Home Movie Day (Special Event)
Chicago History Museum (1601 N. Clark St.) – Saturday, 1:30-5:30pm (Free Admission)
This yearly, worldwide celebration of home movies is absolutely essential viewing for anyone who cares a whit about motion picture art, history, sociology, ethnography, science, or technology. Anyone who loves the sound of a projector. Anyone who loves deep, luscious Kodachrome II stock that is as gorgeous as the day it was shot. Anyone who loves dated, faded, scratched, and bruised film—every emulsion scar a sacred glyph created by your grandfather's careless handling 60 years ago. Anyone who wants to revel in the performance of the primping and strutting families readying for their close up. Anyone who wants to see what the neighborhood looked like before you got there. So find your 100 foot reels of 16mm you just had processed from your sister's Quinceañera or your grandfather's thousands of feet of Super 8mm from your uncle's Bar Mitzvah in 1976 or that 8mm your great aunt shot from Dealey Plaza in 1963 and come out for Home Movie Day. Just walk in with your films for staff and volunteers from the Chicago Film Archives and the Chicago Film Society to inspect your home movies that day! Select films will be screen throughout the day. As part of this year’s event, the Chicago Film Society will be premiering their newly-restored print of Harry and Lill Fulscher’s 1938 sound home movie THE SPIDER AND THE FLY (12 min, 16mm). Co-Presented by the Chicago Film Archives and the Chicago Film Society. JBM
Pedro Almodovar’s ALL ABOUT MY MOTHER (Spanish Revival)
Doc Films (University of Chicago) – Friday, 9:30pm (Rescheduled Show)

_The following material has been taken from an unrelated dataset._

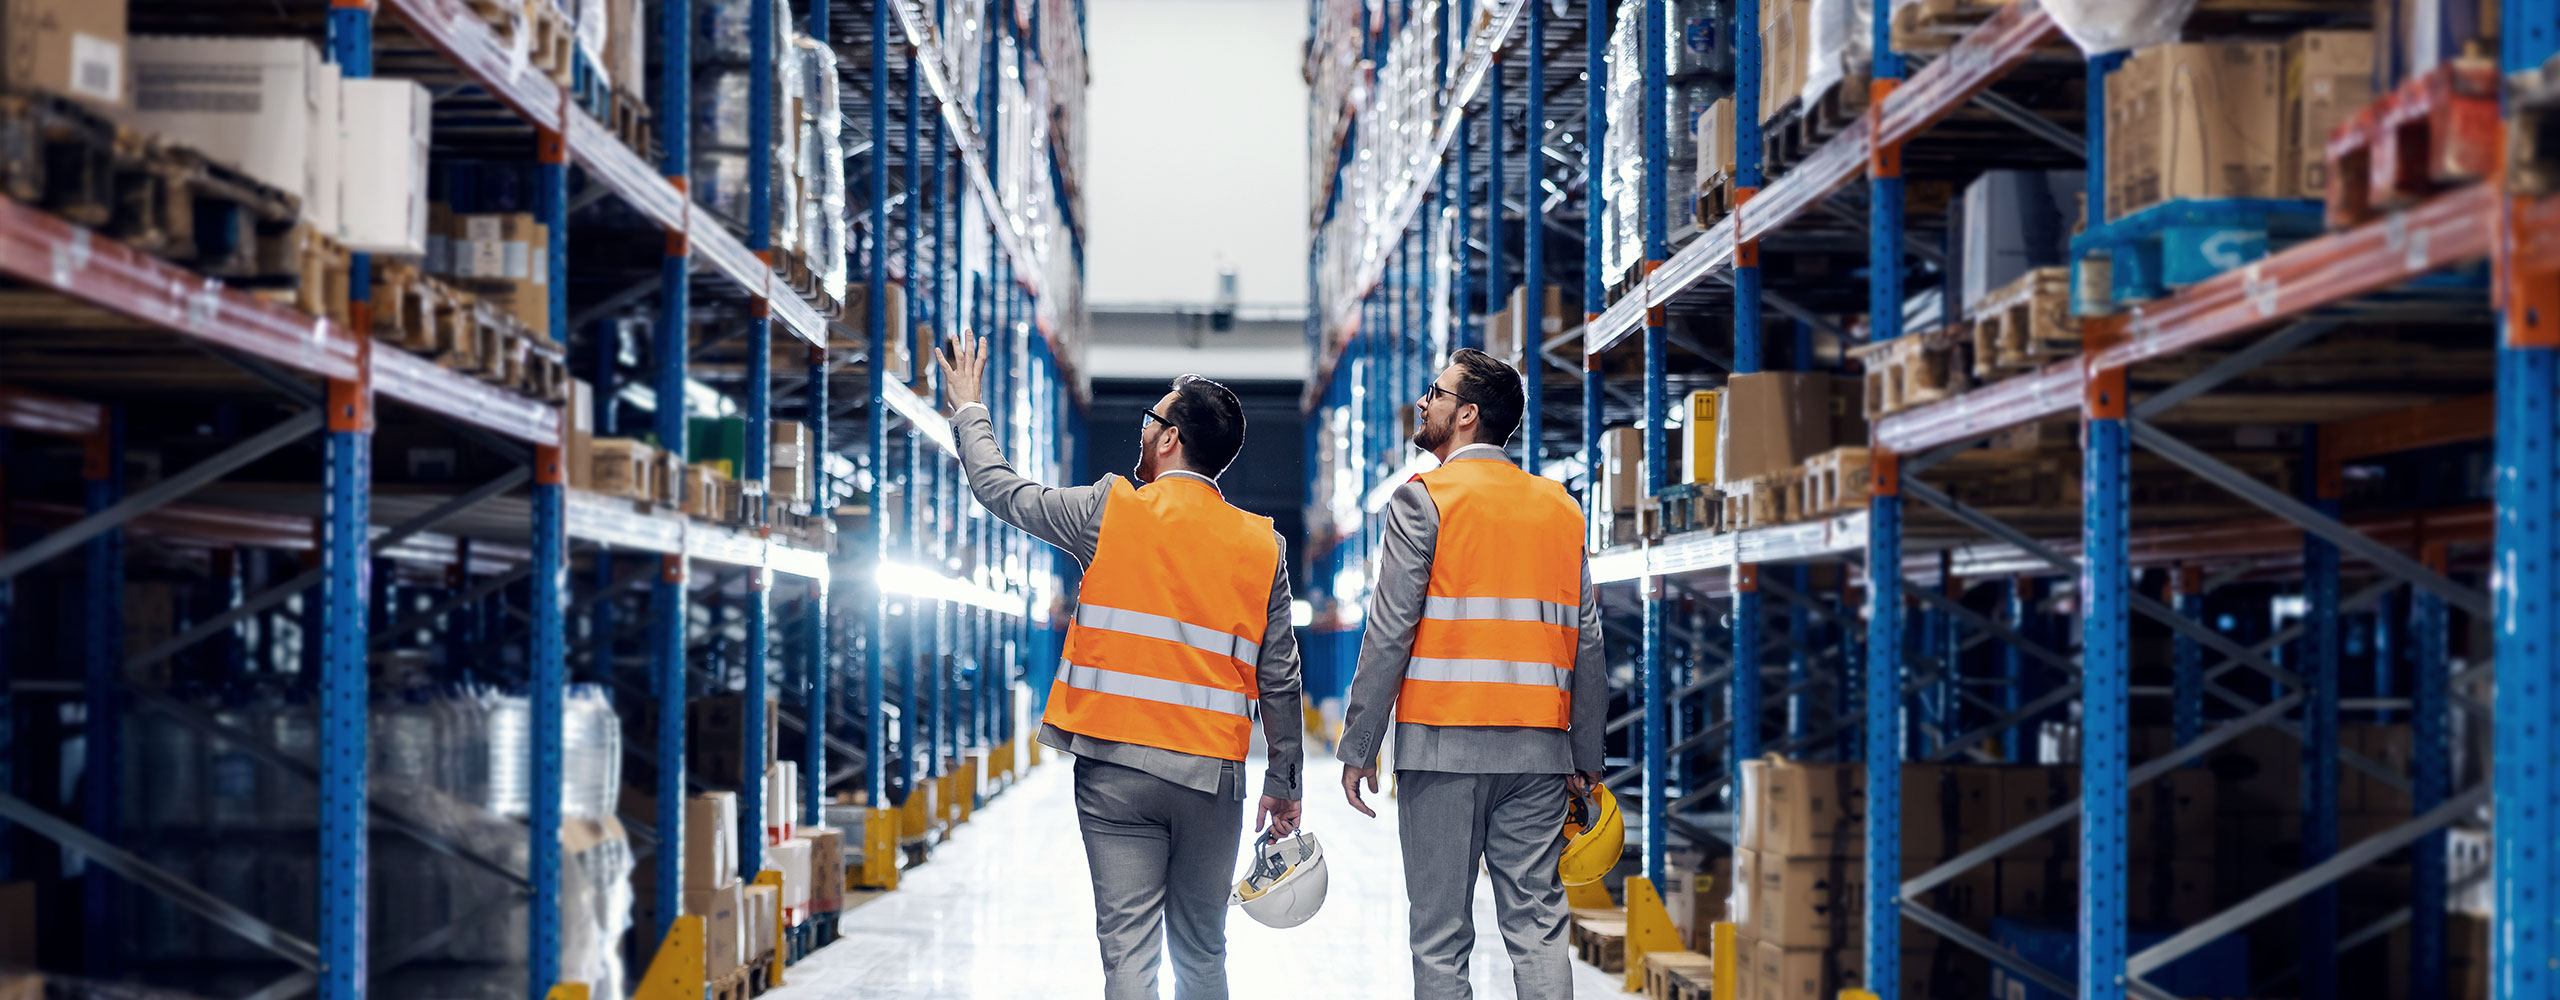 Two warehousing professionals walking through short and long-term storage racks

In ALL ABOUT MY MOTHER, Pedro Almodovar uses widescreen in a manner similar to Cukor and other such early masters of color-and-‘Scope melodrama as Douglas Sirk and Vincente Minnelli, using widescreen to show off the lushness of his production design and augment the presence of his actors. MOTHER was the movie that cemented Almodovar’s international reputation as a modern master, and for obvious reasons. The mix of comedy and melodrama feels natural and confident (not provocative or intentionally jarring, as it was in the director’s early films), and it offers numerous life lessons that make you feel good. Like the melodramas of Sirk, Cukor, and Minnelli, it’s also an actors’ showcase, featuring at least a dozen roles that allow the actors inhabiting them to shine. Not for nothing did Almodovar dedicate the film to three major actresses (Bette Davis, Gena Rowlands, and Romy Schneider); MOTHER celebrates not just actresses, but assertive, highly present women in general. (1999, 101 min, 35mm) BS
François Ozon’s FRANTZ (Contemporary French/German)

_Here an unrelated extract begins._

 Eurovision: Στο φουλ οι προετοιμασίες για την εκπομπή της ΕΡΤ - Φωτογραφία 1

Doc Films (University of Chicago) - Friday, 5pm (Rescheduled Show)
Like Steven Soderbergh, François Ozon is a cinematic chameleon, exploring multiple styles and genres over the course of his career. Unlike Soderbergh, Ozon has a consistent theme that unites his disparate work: he’s fascinated by the human impulse for perversion, the curious instinct that leads people to explore taboos. The taboos that Ozon’s characters confront (and often break) tend to be sexual in nature, and when they aren’t, you can easily detect a sexual subtext in the films. In FRANTZ, Ozon’s sublime reworking of Ernst Lubitsch’s 1932 melodrama BROKEN LULLABY (aka THE MAN I KILLED), that subtext is further beneath the surface than usual; the passion it addresses is essentially metaphysical. The film concerns a young German woman’s friendship with—and growing desire for—the mysterious Frenchman who murdered her fiancé on the battlefield during World War I. Their relationship may be chaste, but that doesn’t keep Ozon from emphasizing its perversity. Before Adrien, the Frenchman, reveals that he is Anna’s fiancé’s killer, he pretends to be a long-lost friend whom the fiancé, Frantz, met while studying in Paris. He introduces himself to Anna and to Frantz’s parents under this ruse, and they respond by incorporating him into their lives as though he were the reincarnation of their dead loved one. That the principal characters are acting out of grief doesn’t make their arrangement any less strange, and, as in Ozon’s previous feature, THE NEW GIRLFRIEND, the way the characters normalize their desires comes to seem no less perverse than the desires themselves. Yet the writer-director never condescends to these people; rather, the film is gentle and delicate, shot mainly in gossamer black-and-white widescreen and in compositions that grant a certain spatial integrity to each character. Ozon respects the emotional sincerity of classic Hollywood melodrama without slavishly imitating it. (To return to the Soderbergh comparison, this is not Ozon’s THE GOOD GERMAN.) The acting styles feel contemporary even when the mores depicted onscreen do not. Further, the brief flashes of color that occur whenever Frantz is evoked in others’ hearts may feel sometimes like a gimmick, but at least it isn’t an ironic, postmodern one. Ozon wants to understand these characters and their period on their own terms, despite using entirely personal means to arrive at that understanding. (2016, 113 min, DCP Digital) BS
Herbert J. Biberman's SALT OF THE EARTH (American Revival)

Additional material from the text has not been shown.